* _Task instructions_
Every line from the one with "Luna Moonstone and Sapphire Earrings" up to and including the one with "Active 50-80 skins Valorant Account" is to be output exactly as it appears below; pictures are not.

* _Supplied records_
****************

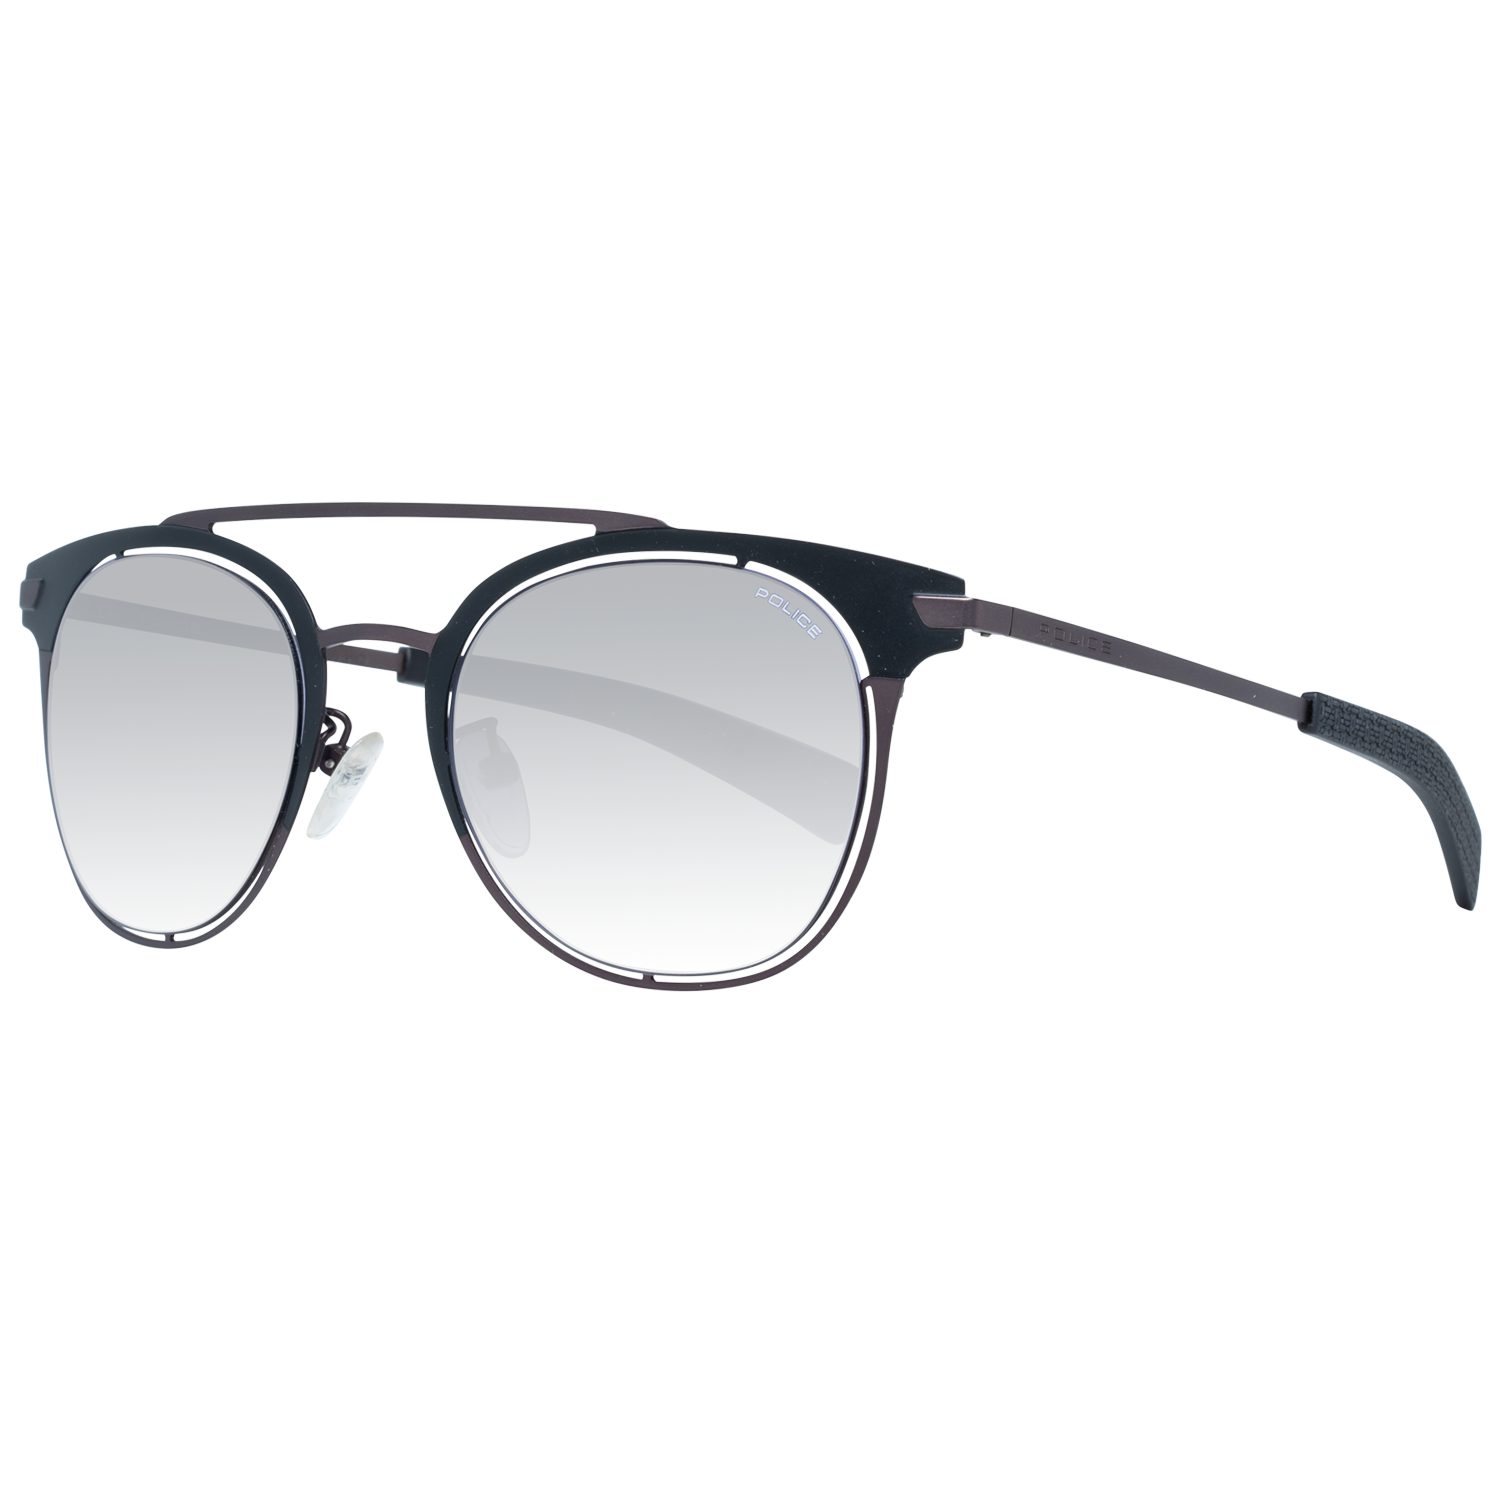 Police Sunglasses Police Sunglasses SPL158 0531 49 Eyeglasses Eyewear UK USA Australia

****************

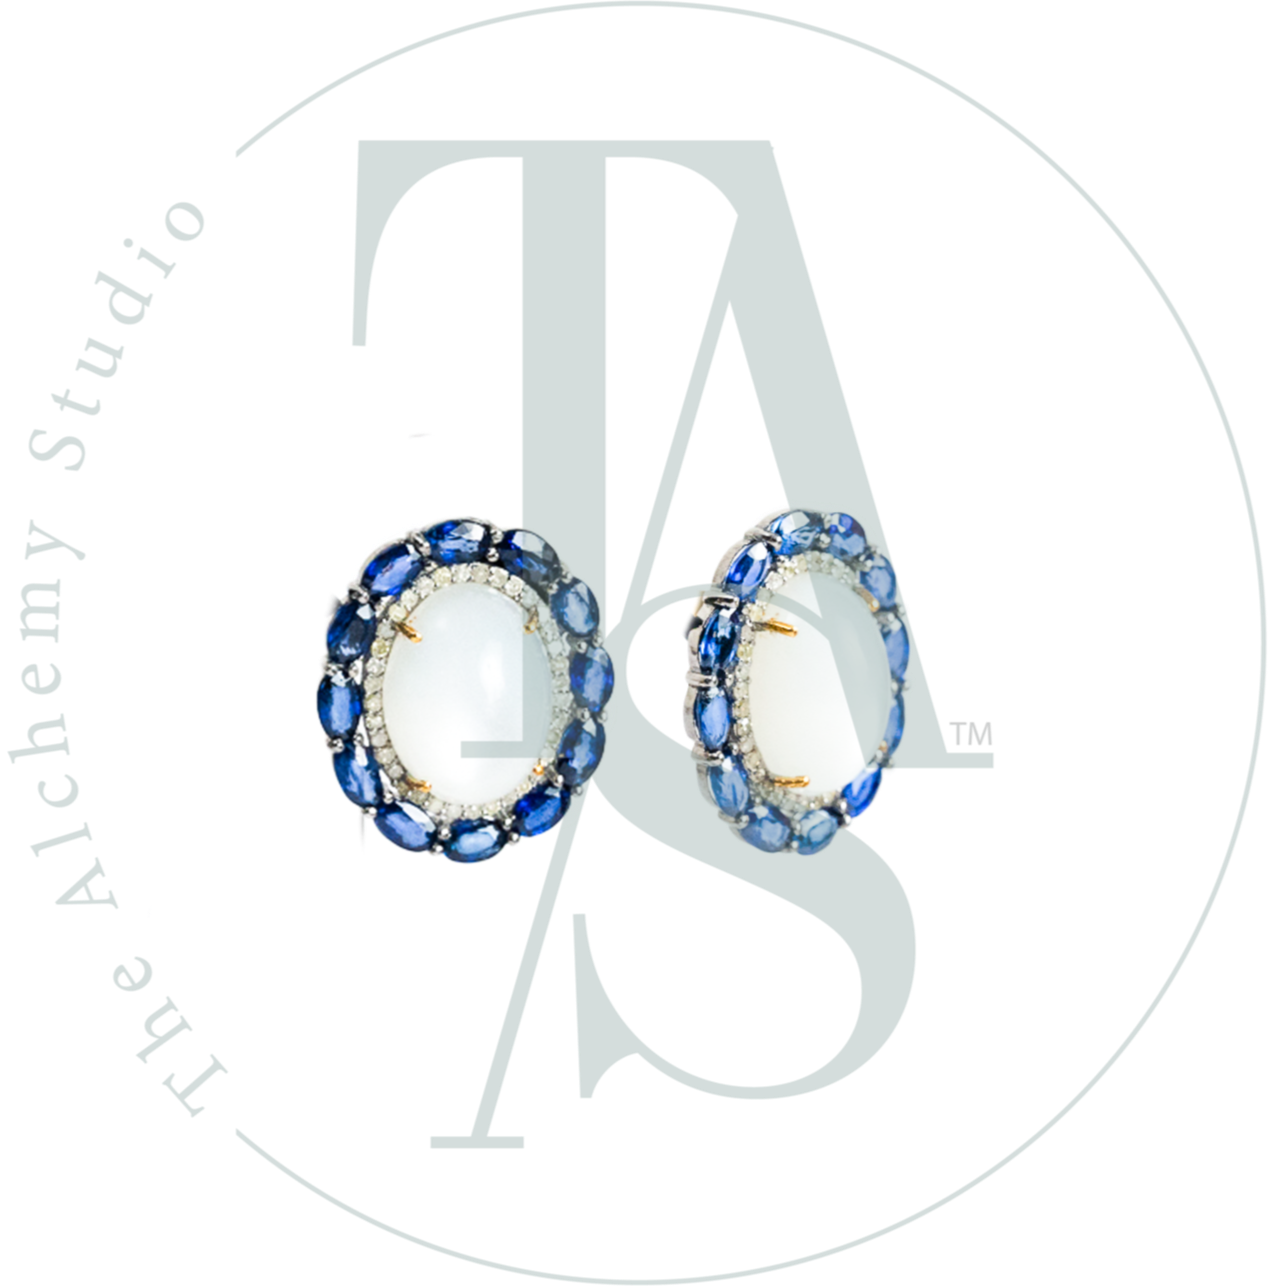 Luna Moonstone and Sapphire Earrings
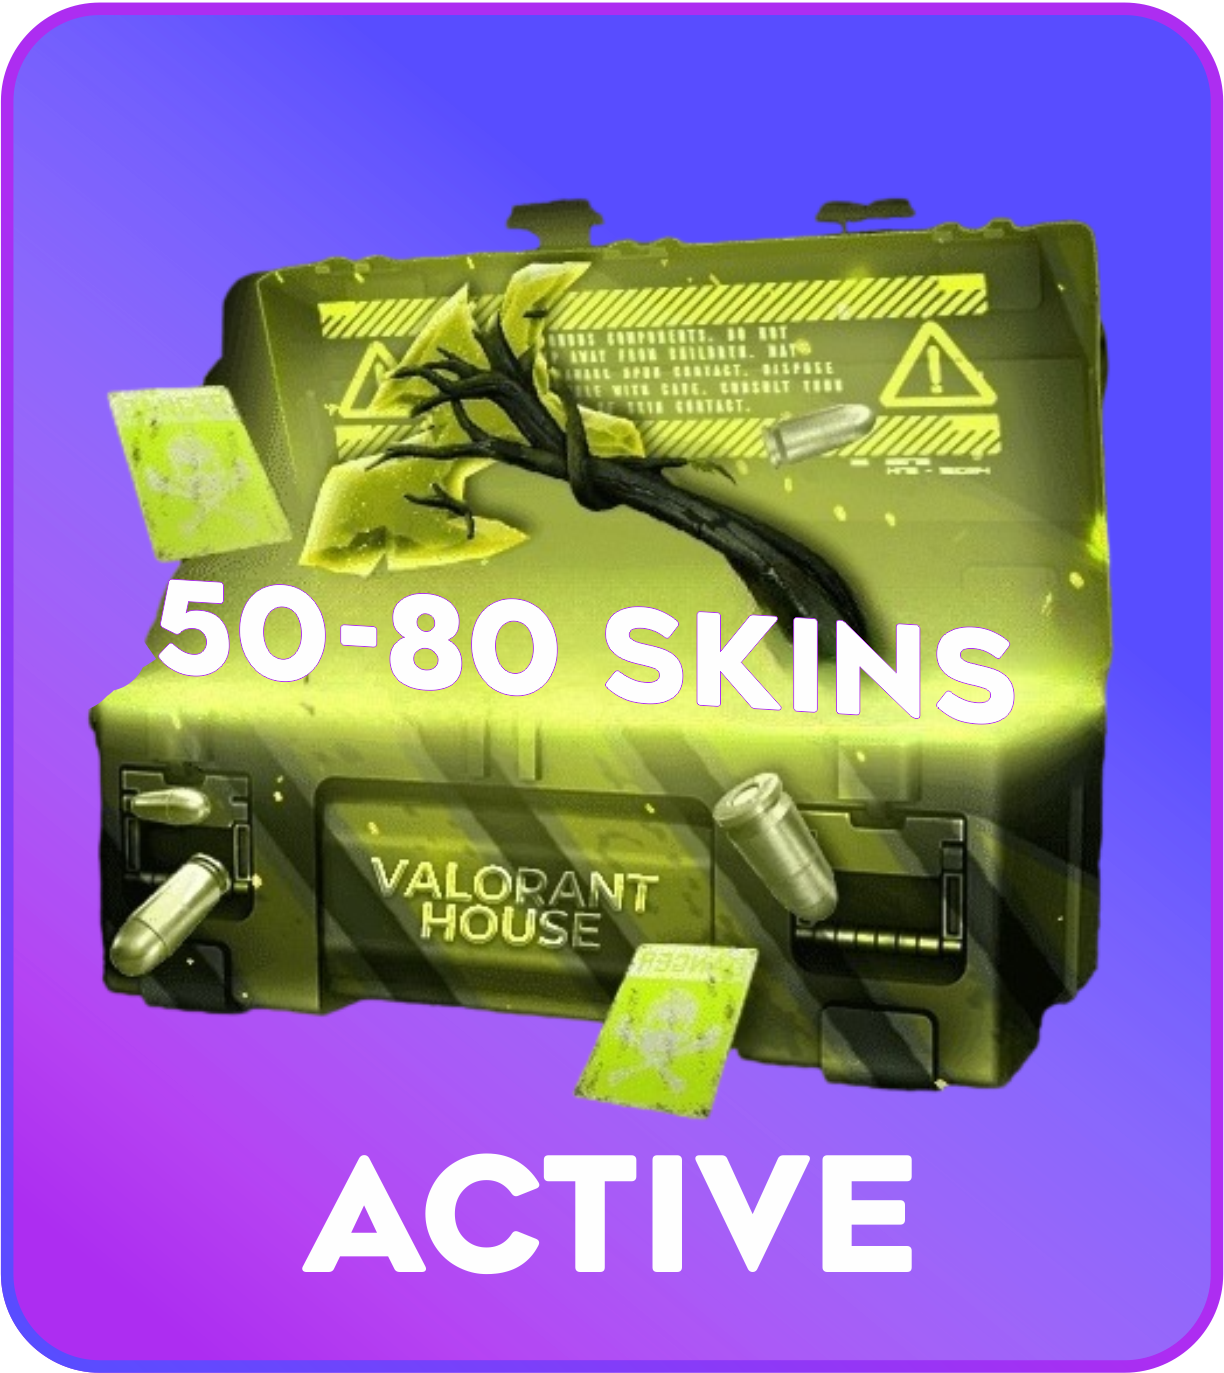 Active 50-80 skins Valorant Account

****************

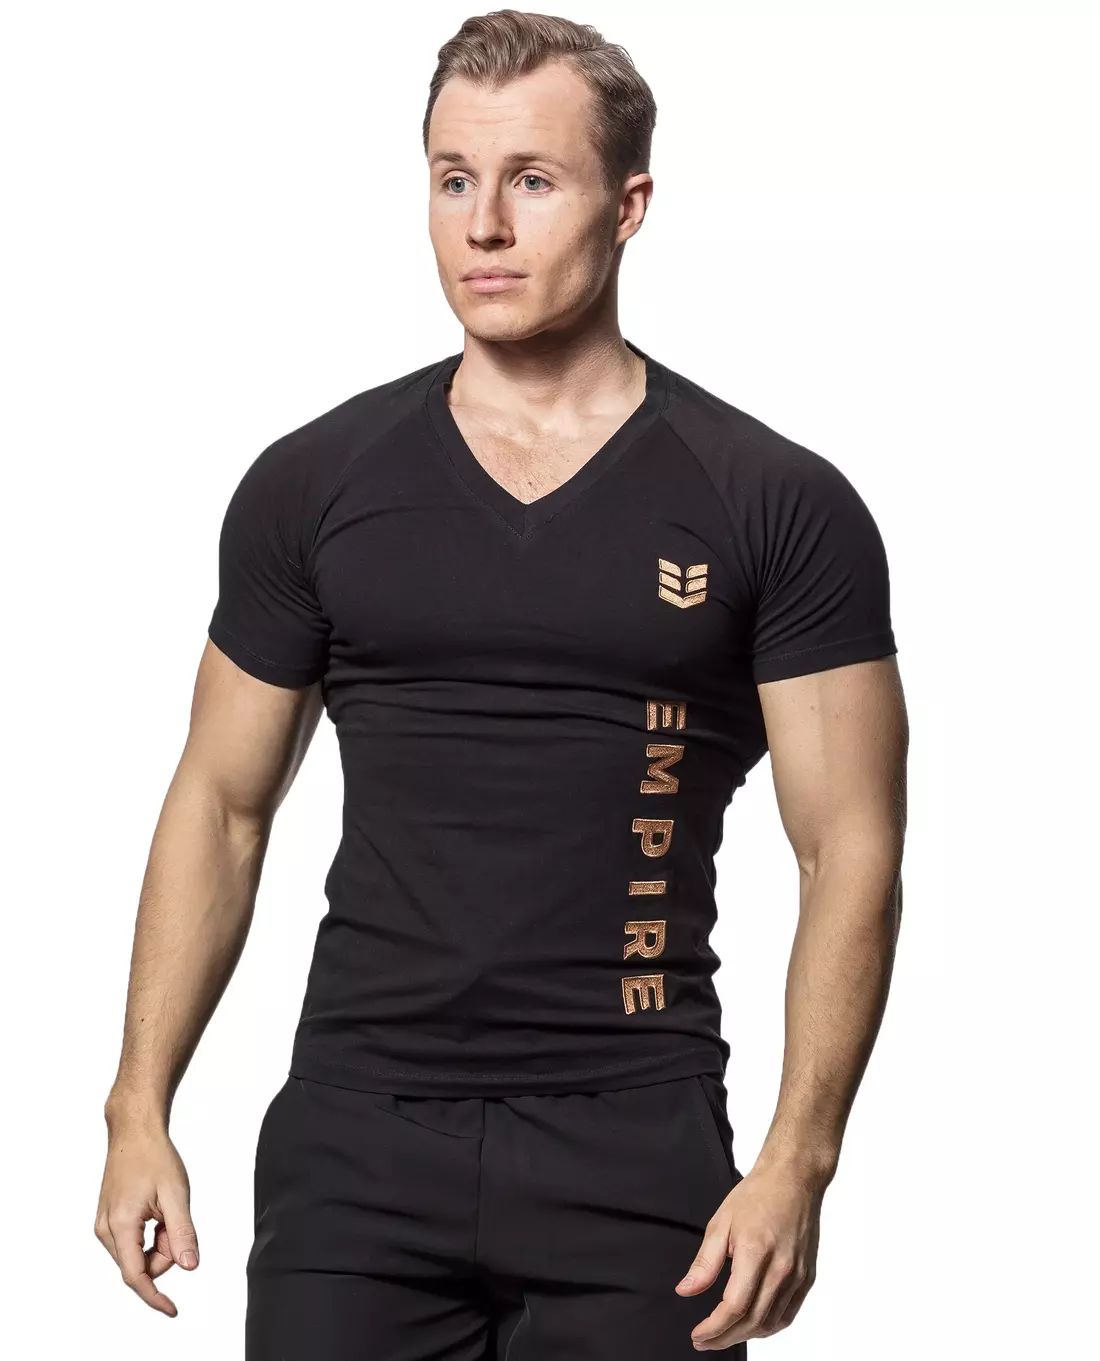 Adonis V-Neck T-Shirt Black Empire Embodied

****************

* _Reply_
 Luna Moonstone and Sapphire Earrings
 Active 50-80 skins Valorant Account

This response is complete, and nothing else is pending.